Many enlightened forces that understand the relationship between information and democracy are leading the overall discussion of access. In fact, everybody agrees with access they just mean different things by it. What we need, and what is more inclusive, is "information empowerment."

For example, people have access to voting, but half of the US electorate doesn't because they have been functionally disenfranchised. (yesterday in Illinois, 7 in 10 registered voters did not vote, and only 45% of those eligible had registered, so democracy was carried out by only 16% of the potential vote!) The electoral democracy we have in the US is dominated by great wealth, so it is rare to have a peoples candidate like Harold Washington break through, and as you remember the promise of empowerment in that 1983 Chicago mayoral race led to unprecedented levels of voter registration and voter turnout. We need to think in terms of empowerment because as with Harold Washington it means change, it transformation, it means a step toward freedom in fact, and not just in possibility.

Information empowerment begins with access, but goes further in the following ways: 1 empowerment means that there are data bases designed to answer the questions being raised by people in poverty and people fighting forms of exploitation and oppression; 2. empowerment means that we have enough grass roots people online engaging in conferences for the sharing of experiences and forging the levels of consensus necessary for informed united civic action; 3. empowerment means grass roots groups utilizing the technology to engage in publishing newsletters at the grass roots level with the required technical skill to take advantage of the data bases and graphics available on the highway; 4. empowerment means that education is transformed based on a new formula: every student has a computer, every school has computer labs, every class room is smart, and every teacher gets summer and weekend workshops to keep up (we need to go way past the innovations that followed the Soviet Sputnik crisis of 1 95 empowerment means a new kind of library system by which the library is a technical service institution guiding people to information, training them, sending organizers out to transform the community into an electronically smart space of human habitation, and, as it has been, a repository of hard copy.

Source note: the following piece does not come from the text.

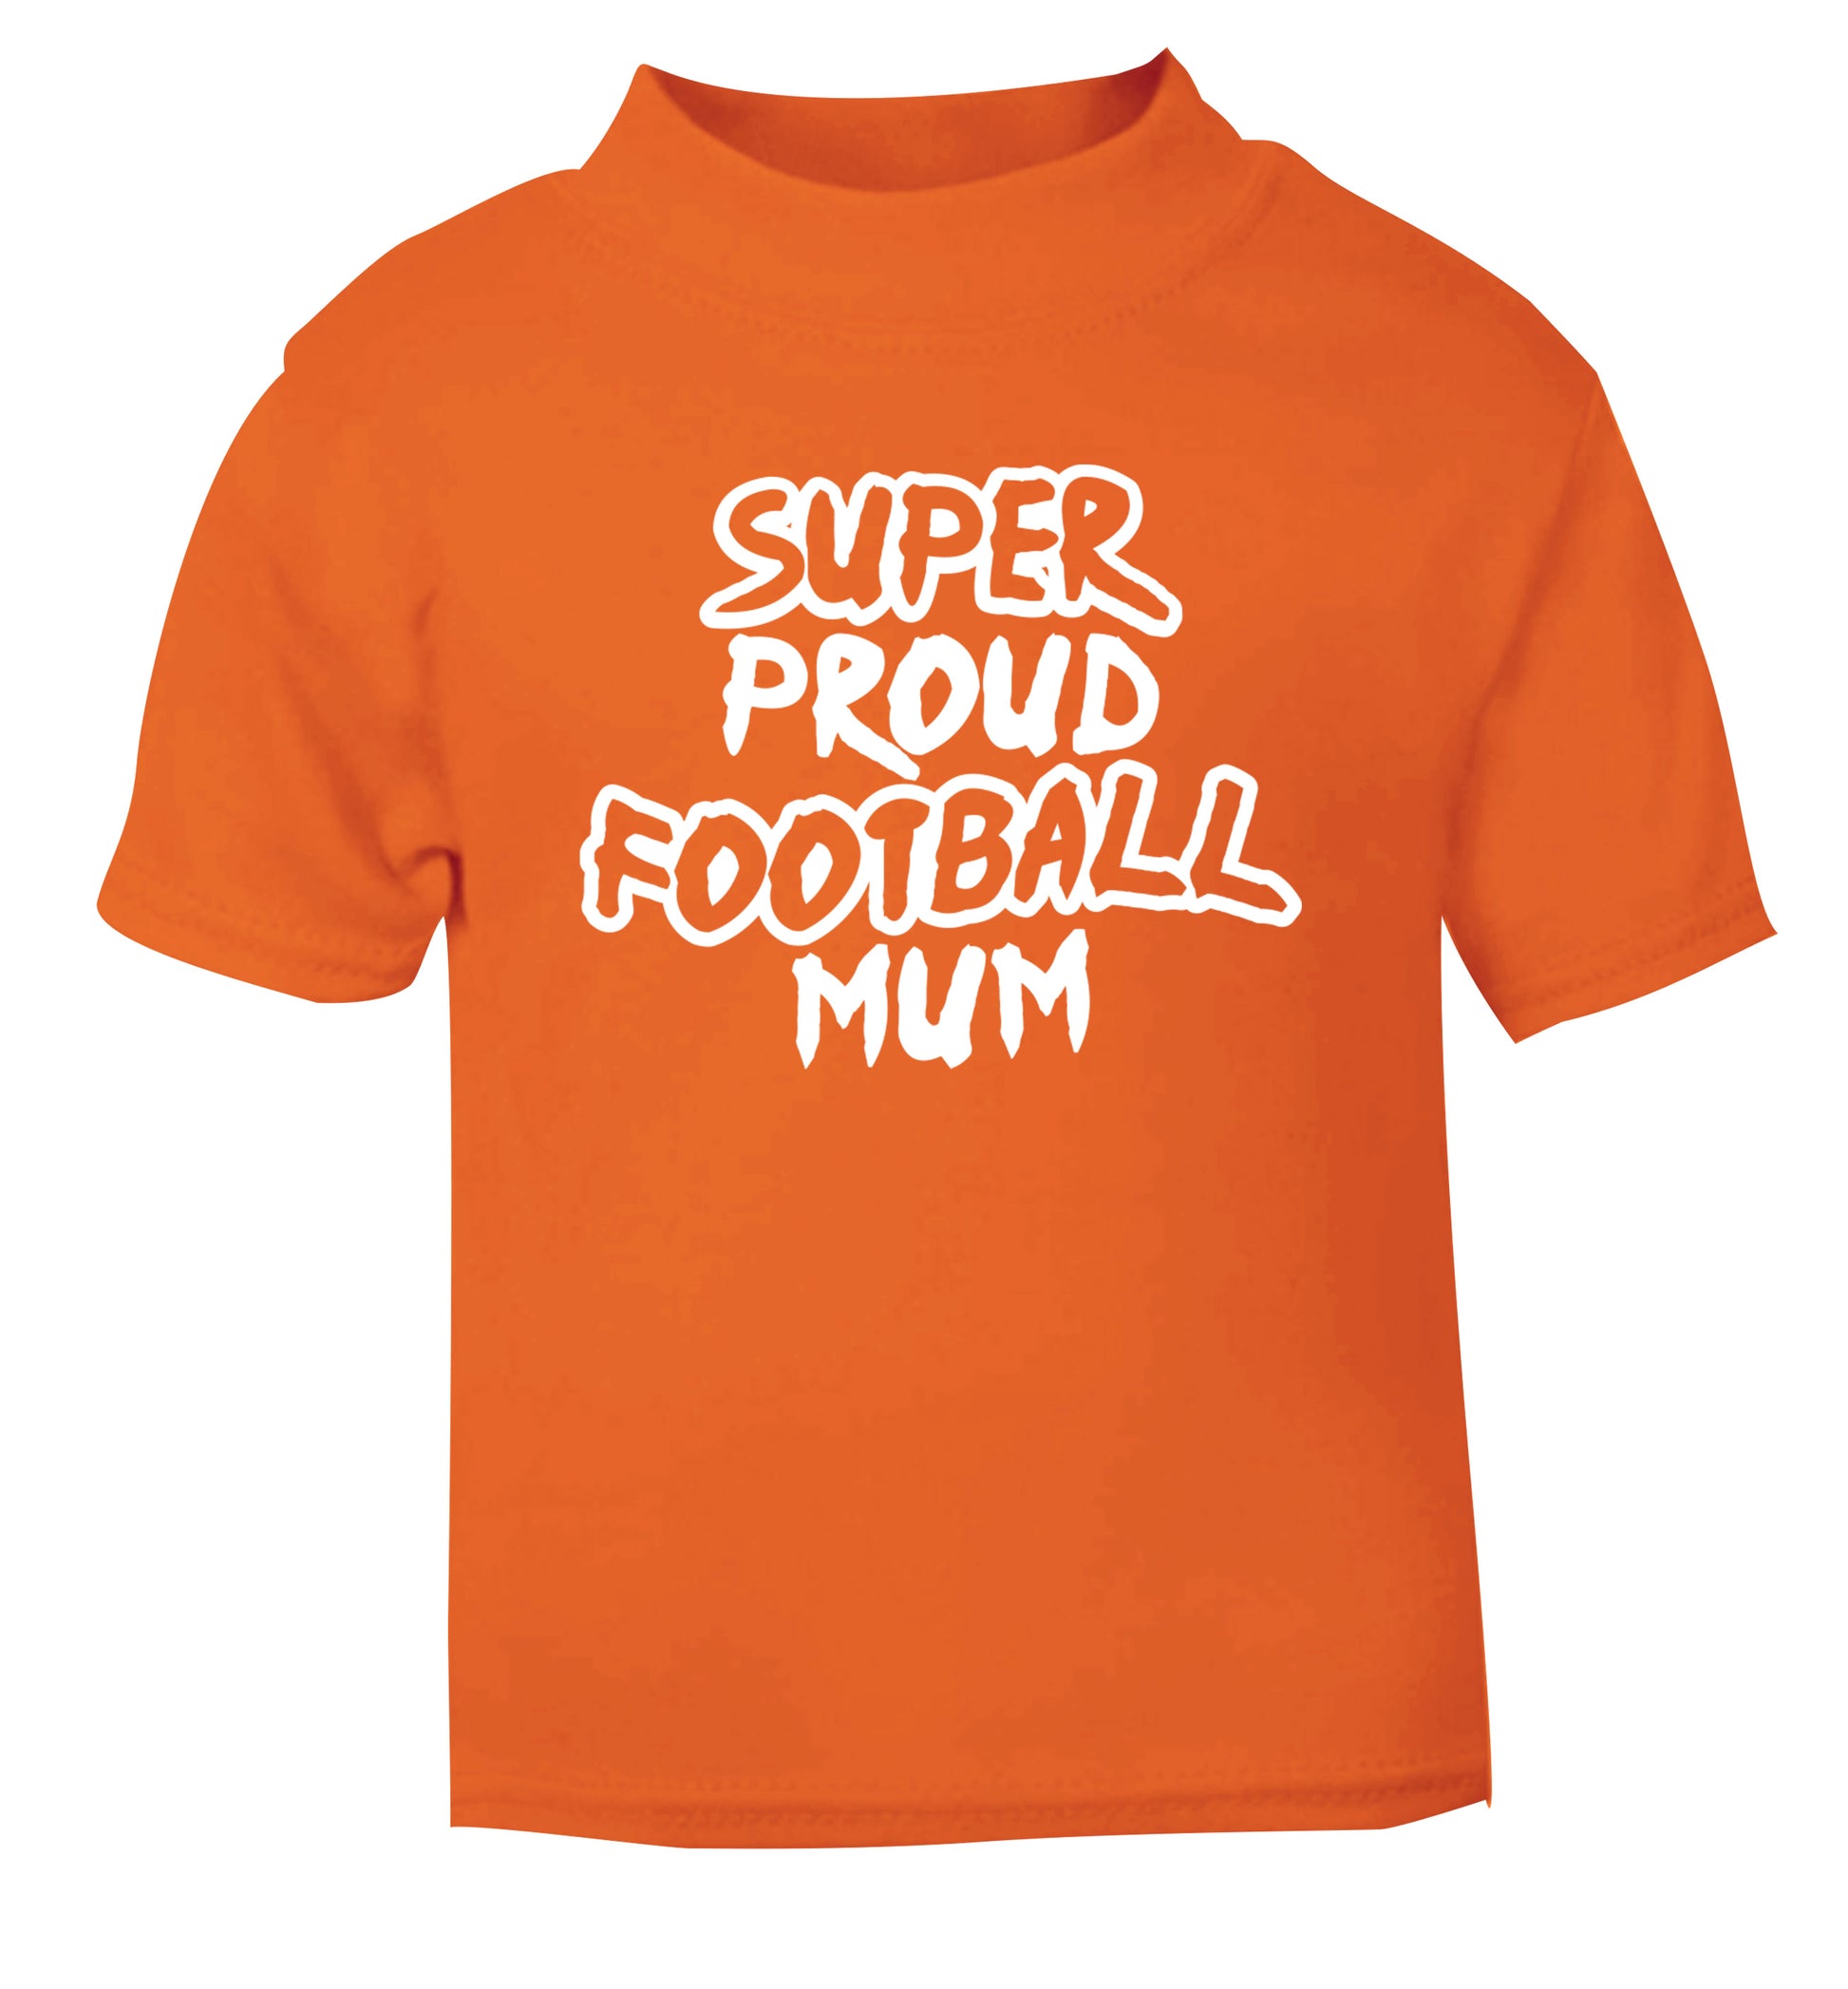 Super proud football mum orange Baby Toddler Tshirt 2 Years

Overall, information empowerment is not a technical matter, but a matter of politics, of morality, of action. Not only do we have to make this superhighway free, we have to change the society in which it operates so it's possible to have information empowerment.

However, the likelihood is that we're going to get an information railroad and not an information highway. The railroad was the major 19th century transportation breakthrough of industrialization in the USA. It was made possible by the federal ~government giving millions of acres of public land free to private corporations to build railroads (from 1862-72 Congress gave away 100 million acres!), and then allowed them to charge the public fees to ride or ship freight. At a latter stage, based on automobile technology, the government built and continues to maintain the highways we are all free to enter. If the information revolution is a highway we should all be able to get on free, but since we are being expected to pay a fee its a railroad and not a highway.

Let's make this forum a beginning in our fight for a truly free and universal information highway. And more, we need to fight for free and just society. Our options are still open, so we must act now. Toward this end, we need to have forums like this in all of our local communities as soon as possible.